Wednesday, September 1, 2010

Herons in the Mist

Fog isn't something we get a lot of around here, so I enjoyed Oregon's coastal mists. This heron hunted the tide pools, barely visible. The telephoto got him, though.

Loving my new camera.

I remember one of the first times I saw those kinds of maritime fogs, in Davis, California at a conference.

Somehow I'd ended up on the board of our local new chapter of the Association for Women in Science (AWIS). A grant had been obtained and the group planned to send two members to a leadership conference sponsored by the national organization. However, so far only one person had stepped up to go. Hell, I said, I'll go.
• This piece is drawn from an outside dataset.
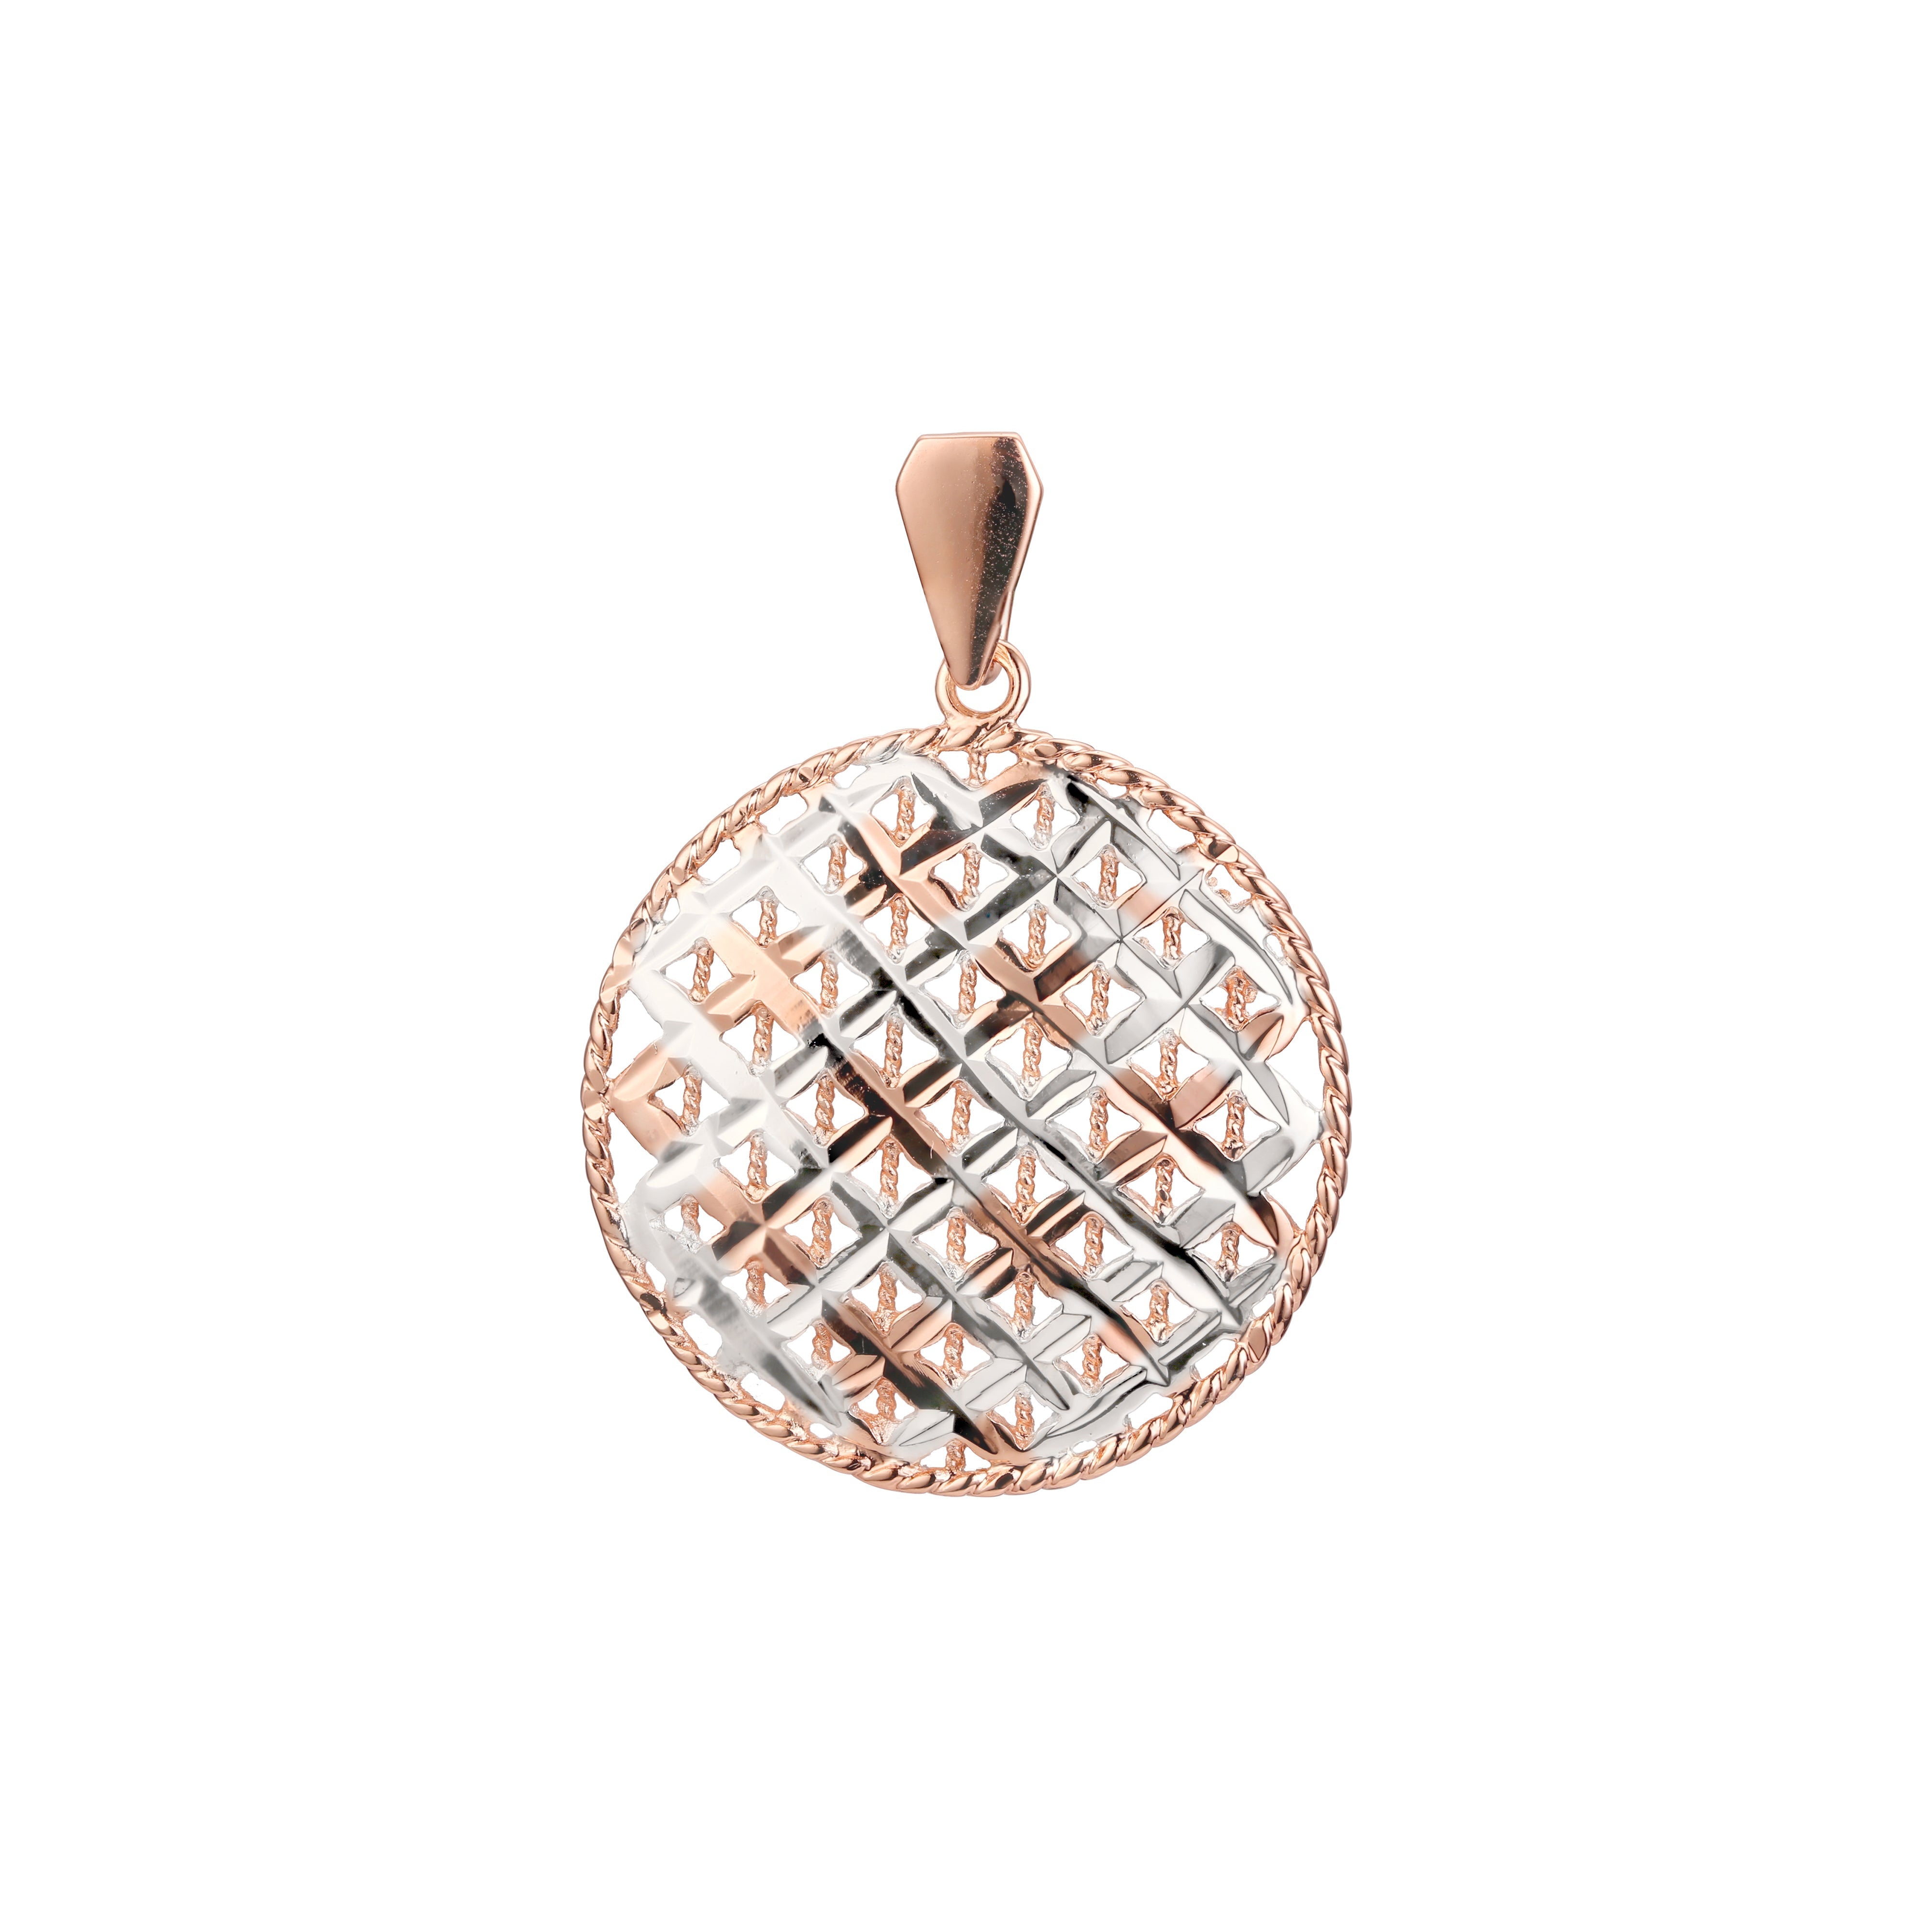 Net of cage elegant filigree pendant in 14K Gold, Rose Gold, and White Gold plating colors

For some reason this is a very hazy memory for me. I was heavy in grad school, I know. After my Great Mistake but before David, which makes it sometime between spring of '89 and winter of '91. I think it was a hard time for me. I grieved for my lost college family - never again have I been privileged to be around so many truly amazing people. I lived alone. My love life was going poorly; I pretty much hated everything about grad school (which is designed to break your spirit, anyway), especially my manic/depressive Hungarian major advisor, though I couldn't face any of that. I was in my early 20s, and most women agree it's the worst age for us.
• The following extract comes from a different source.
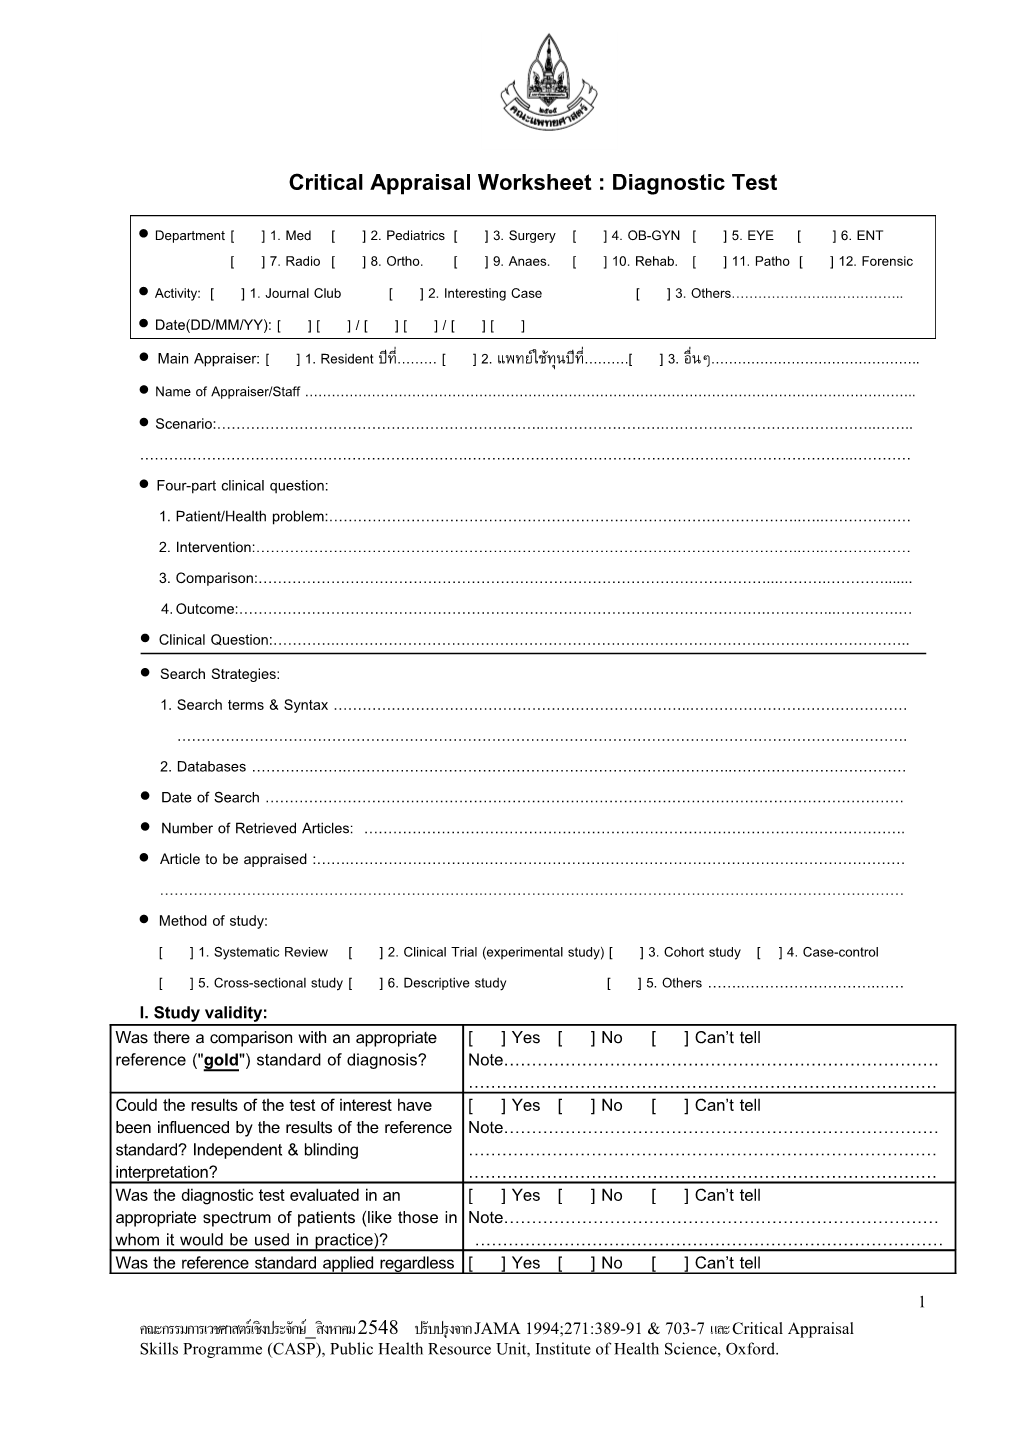 Critical Appraisal Worksheet for Diagnosis

I went to this conference with no particular goal, no strategy, except that someone offered to pay for me to go. Morning fogs burned off into bright days and all of these women scientists gave talks about their paths and what their careers had been like. Everyone was brilliantly encouraging in a way that made me feel like a blossom in the sun. No scathing frowns like those doled out daily by my crazy Hungarian advisor.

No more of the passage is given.